Give back all the records exactly, keeping every line whole.

Recorded data
※

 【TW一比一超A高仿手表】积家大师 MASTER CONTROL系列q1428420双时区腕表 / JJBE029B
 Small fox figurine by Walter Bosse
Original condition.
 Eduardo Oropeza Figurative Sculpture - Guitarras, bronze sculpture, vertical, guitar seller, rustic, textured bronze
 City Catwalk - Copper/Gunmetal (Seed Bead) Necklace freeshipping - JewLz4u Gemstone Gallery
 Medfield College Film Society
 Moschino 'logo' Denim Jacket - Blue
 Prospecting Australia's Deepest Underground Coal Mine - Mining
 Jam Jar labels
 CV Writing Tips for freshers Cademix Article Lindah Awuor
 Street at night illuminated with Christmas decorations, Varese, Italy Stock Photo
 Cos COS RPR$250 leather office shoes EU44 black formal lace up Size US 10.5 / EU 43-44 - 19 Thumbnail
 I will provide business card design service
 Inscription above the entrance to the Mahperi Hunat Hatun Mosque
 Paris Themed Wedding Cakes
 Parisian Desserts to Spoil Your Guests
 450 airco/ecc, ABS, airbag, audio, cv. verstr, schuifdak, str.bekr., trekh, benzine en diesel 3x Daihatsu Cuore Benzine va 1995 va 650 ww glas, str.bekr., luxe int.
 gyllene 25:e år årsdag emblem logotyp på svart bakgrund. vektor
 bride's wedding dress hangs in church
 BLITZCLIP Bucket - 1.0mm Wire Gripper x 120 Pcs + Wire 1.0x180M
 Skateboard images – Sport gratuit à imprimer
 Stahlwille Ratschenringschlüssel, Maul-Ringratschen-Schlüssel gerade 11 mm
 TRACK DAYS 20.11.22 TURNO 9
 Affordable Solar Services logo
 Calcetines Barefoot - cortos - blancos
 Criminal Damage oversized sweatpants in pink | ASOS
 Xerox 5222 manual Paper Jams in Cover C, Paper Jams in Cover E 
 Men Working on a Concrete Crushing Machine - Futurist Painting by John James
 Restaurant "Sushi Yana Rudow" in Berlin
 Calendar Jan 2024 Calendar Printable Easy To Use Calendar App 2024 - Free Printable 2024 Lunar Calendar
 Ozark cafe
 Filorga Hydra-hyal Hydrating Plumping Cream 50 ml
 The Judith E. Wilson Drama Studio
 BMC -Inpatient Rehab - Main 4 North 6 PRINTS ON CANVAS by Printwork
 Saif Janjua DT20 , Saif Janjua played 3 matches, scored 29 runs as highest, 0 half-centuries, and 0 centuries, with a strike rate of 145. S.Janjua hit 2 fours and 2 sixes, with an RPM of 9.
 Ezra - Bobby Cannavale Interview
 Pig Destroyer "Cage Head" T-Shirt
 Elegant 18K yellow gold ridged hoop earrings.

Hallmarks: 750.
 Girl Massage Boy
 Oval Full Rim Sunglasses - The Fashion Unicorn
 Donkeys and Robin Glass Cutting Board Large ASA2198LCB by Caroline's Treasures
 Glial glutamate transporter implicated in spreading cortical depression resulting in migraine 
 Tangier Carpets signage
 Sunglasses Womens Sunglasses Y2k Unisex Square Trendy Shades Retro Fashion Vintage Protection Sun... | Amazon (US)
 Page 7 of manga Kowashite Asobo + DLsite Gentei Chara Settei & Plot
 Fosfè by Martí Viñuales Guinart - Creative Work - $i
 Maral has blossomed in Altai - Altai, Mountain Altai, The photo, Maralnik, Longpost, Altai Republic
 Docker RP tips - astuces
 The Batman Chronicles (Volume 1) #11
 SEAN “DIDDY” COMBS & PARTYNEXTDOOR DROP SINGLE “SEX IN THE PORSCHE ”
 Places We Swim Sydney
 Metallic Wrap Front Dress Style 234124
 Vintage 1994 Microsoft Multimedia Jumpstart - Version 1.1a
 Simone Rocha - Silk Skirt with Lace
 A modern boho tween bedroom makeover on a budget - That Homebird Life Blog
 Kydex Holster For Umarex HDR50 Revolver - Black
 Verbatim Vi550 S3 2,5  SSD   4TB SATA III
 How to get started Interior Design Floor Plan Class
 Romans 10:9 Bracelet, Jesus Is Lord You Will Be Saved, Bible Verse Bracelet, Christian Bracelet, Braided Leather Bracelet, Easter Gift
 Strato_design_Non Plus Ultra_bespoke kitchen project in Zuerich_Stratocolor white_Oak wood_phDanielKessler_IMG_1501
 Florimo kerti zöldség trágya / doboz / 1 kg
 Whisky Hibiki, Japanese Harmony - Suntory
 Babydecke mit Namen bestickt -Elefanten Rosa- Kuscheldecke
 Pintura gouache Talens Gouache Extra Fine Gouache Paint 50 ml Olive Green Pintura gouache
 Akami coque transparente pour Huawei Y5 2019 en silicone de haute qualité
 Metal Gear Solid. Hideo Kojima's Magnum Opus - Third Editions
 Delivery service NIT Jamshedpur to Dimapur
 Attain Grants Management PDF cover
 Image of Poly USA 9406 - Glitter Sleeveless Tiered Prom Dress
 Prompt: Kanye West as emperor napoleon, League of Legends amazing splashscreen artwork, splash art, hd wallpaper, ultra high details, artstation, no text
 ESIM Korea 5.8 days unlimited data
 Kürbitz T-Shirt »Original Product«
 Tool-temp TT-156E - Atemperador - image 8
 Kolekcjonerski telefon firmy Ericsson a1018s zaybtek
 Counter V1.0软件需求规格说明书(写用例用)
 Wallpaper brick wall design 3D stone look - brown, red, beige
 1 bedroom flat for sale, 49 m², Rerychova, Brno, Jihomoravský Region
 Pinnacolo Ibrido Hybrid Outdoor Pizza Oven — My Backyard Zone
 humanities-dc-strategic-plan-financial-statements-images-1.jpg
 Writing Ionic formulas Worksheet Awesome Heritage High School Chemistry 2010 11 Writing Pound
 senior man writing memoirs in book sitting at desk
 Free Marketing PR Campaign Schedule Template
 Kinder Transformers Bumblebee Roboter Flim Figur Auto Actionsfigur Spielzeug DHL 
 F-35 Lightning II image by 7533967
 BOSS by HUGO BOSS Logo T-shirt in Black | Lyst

※

(Completed task):
 【TW一比一超A高仿手表】积家大师 MASTER CONTROL系列q1428420双时区腕表 / JJBE029B
 Small fox figurine by Walter Bosse
Original condition.
 Eduardo Oropeza Figurative Sculpture - Guitarras, bronze sculpture, vertical, guitar seller, rustic, textured bronze
 City Catwalk - Copper/Gunmetal (Seed Bead) Necklace freeshipping - JewLz4u Gemstone Gallery
 Medfield College Film Society
 Moschino 'logo' Denim Jacket - Blue
 Prospecting Australia's Deepest Underground Coal Mine - Mining
 Jam Jar labels
 CV Writing Tips for freshers Cademix Article Lindah Awuor
 Street at night illuminated with Christmas decorations, Varese, Italy Stock Photo
 Cos COS RPR$250 leather office shoes EU44 black formal lace up Size US 10.5 / EU 43-44 - 19 Thumbnail
 I will provide business card design service
 Inscription above the entrance to the Mahperi Hunat Hatun Mosque
 Paris Themed Wedding Cakes
 Parisian Desserts to Spoil Your Guests
 450 airco/ecc, ABS, airbag, audio, cv. verstr, schuifdak, str.bekr., trekh, benzine en diesel 3x Daihatsu Cuore Benzine va 1995 va 650 ww glas, str.bekr., luxe int.
 gyllene 25:e år årsdag emblem logotyp på svart bakgrund. vektor
 bride's wedding dress hangs in church
 BLITZCLIP Bucket - 1.0mm Wire Gripper x 120 Pcs + Wire 1.0x180M
 Skateboard images – Sport gratuit à imprimer
 Stahlwille Ratschenringschlüssel, Maul-Ringratschen-Schlüssel gerade 11 mm
 TRACK DAYS 20.11.22 TURNO 9
 Affordable Solar Services logo
 Calcetines Barefoot - cortos - blancos
 Criminal Damage oversized sweatpants in pink | ASOS
 Xerox 5222 manual Paper Jams in Cover C, Paper Jams in Cover E 
 Men Working on a Concrete Crushing Machine - Futurist Painting by John James
 Restaurant "Sushi Yana Rudow" in Berlin
 Calendar Jan 2024 Calendar Printable Easy To Use Calendar App 2024 - Free Printable 2024 Lunar Calendar
 Ozark cafe
 Filorga Hydra-hyal Hydrating Plumping Cream 50 ml
 The Judith E. Wilson Drama Studio
 BMC -Inpatient Rehab - Main 4 North 6 PRINTS ON CANVAS by Printwork
 Saif Janjua DT20 , Saif Janjua played 3 matches, scored 29 runs as highest, 0 half-centuries, and 0 centuries, with a strike rate of 145. S.Janjua hit 2 fours and 2 sixes, with an RPM of 9.
 Ezra - Bobby Cannavale Interview
 Pig Destroyer "Cage Head" T-Shirt
 Elegant 18K yellow gold ridged hoop earrings.

Hallmarks: 750.
 Girl Massage Boy
 Oval Full Rim Sunglasses - The Fashion Unicorn
 Donkeys and Robin Glass Cutting Board Large ASA2198LCB by Caroline's Treasures
 Glial glutamate transporter implicated in spreading cortical depression resulting in migraine 
 Tangier Carpets signage
 Sunglasses Womens Sunglasses Y2k Unisex Square Trendy Shades Retro Fashion Vintage Protection Sun... | Amazon (US)
 Page 7 of manga Kowashite Asobo + DLsite Gentei Chara Settei & Plot
 Fosfè by Martí Viñuales Guinart - Creative Work - $i
 Maral has blossomed in Altai - Altai, Mountain Altai, The photo, Maralnik, Longpost, Altai Republic
 Docker RP tips - astuces
 The Batman Chronicles (Volume 1) #11
 SEAN “DIDDY” COMBS & PARTYNEXTDOOR DROP SINGLE “SEX IN THE PORSCHE ”
 Places We Swim Sydney
 Metallic Wrap Front Dress Style 234124
 Vintage 1994 Microsoft Multimedia Jumpstart - Version 1.1a
 Simone Rocha - Silk Skirt with Lace
 A modern boho tween bedroom makeover on a budget - That Homebird Life Blog
 Kydex Holster For Umarex HDR50 Revolver - Black
 Verbatim Vi550 S3 2,5  SSD   4TB SATA III
 How to get started Interior Design Floor Plan Class
 Romans 10:9 Bracelet, Jesus Is Lord You Will Be Saved, Bible Verse Bracelet, Christian Bracelet, Braided Leather Bracelet, Easter Gift
 Strato_design_Non Plus Ultra_bespoke kitchen project in Zuerich_Stratocolor white_Oak wood_phDanielKessler_IMG_1501
 Florimo kerti zöldség trágya / doboz / 1 kg
 Whisky Hibiki, Japanese Harmony - Suntory
 Babydecke mit Namen bestickt -Elefanten Rosa- Kuscheldecke
 Pintura gouache Talens Gouache Extra Fine Gouache Paint 50 ml Olive Green Pintura gouache
 Akami coque transparente pour Huawei Y5 2019 en silicone de haute qualité
 Metal Gear Solid. Hideo Kojima's Magnum Opus - Third Editions
 Delivery service NIT Jamshedpur to Dimapur
 Attain Grants Management PDF cover
 Image of Poly USA 9406 - Glitter Sleeveless Tiered Prom Dress
 Prompt: Kanye West as emperor napoleon, League of Legends amazing splashscreen artwork, splash art, hd wallpaper, ultra high details, artstation, no text
 ESIM Korea 5.8 days unlimited data
 Kürbitz T-Shirt »Original Product«
 Tool-temp TT-156E - Atemperador - image 8
 Kolekcjonerski telefon firmy Ericsson a1018s zaybtek
 Counter V1.0软件需求规格说明书(写用例用)
 Wallpaper brick wall design 3D stone look - brown, red, beige
 1 bedroom flat for sale, 49 m², Rerychova, Brno, Jihomoravský Region
 Pinnacolo Ibrido Hybrid Outdoor Pizza Oven — My Backyard Zone
 humanities-dc-strategic-plan-financial-statements-images-1.jpg
 Writing Ionic formulas Worksheet Awesome Heritage High School Chemistry 2010 11 Writing Pound
 senior man writing memoirs in book sitting at desk
 Free Marketing PR Campaign Schedule Template
 Kinder Transformers Bumblebee Roboter Flim Figur Auto Actionsfigur Spielzeug DHL 
 F-35 Lightning II image by 7533967
 BOSS by HUGO BOSS Logo T-shirt in Black | Lyst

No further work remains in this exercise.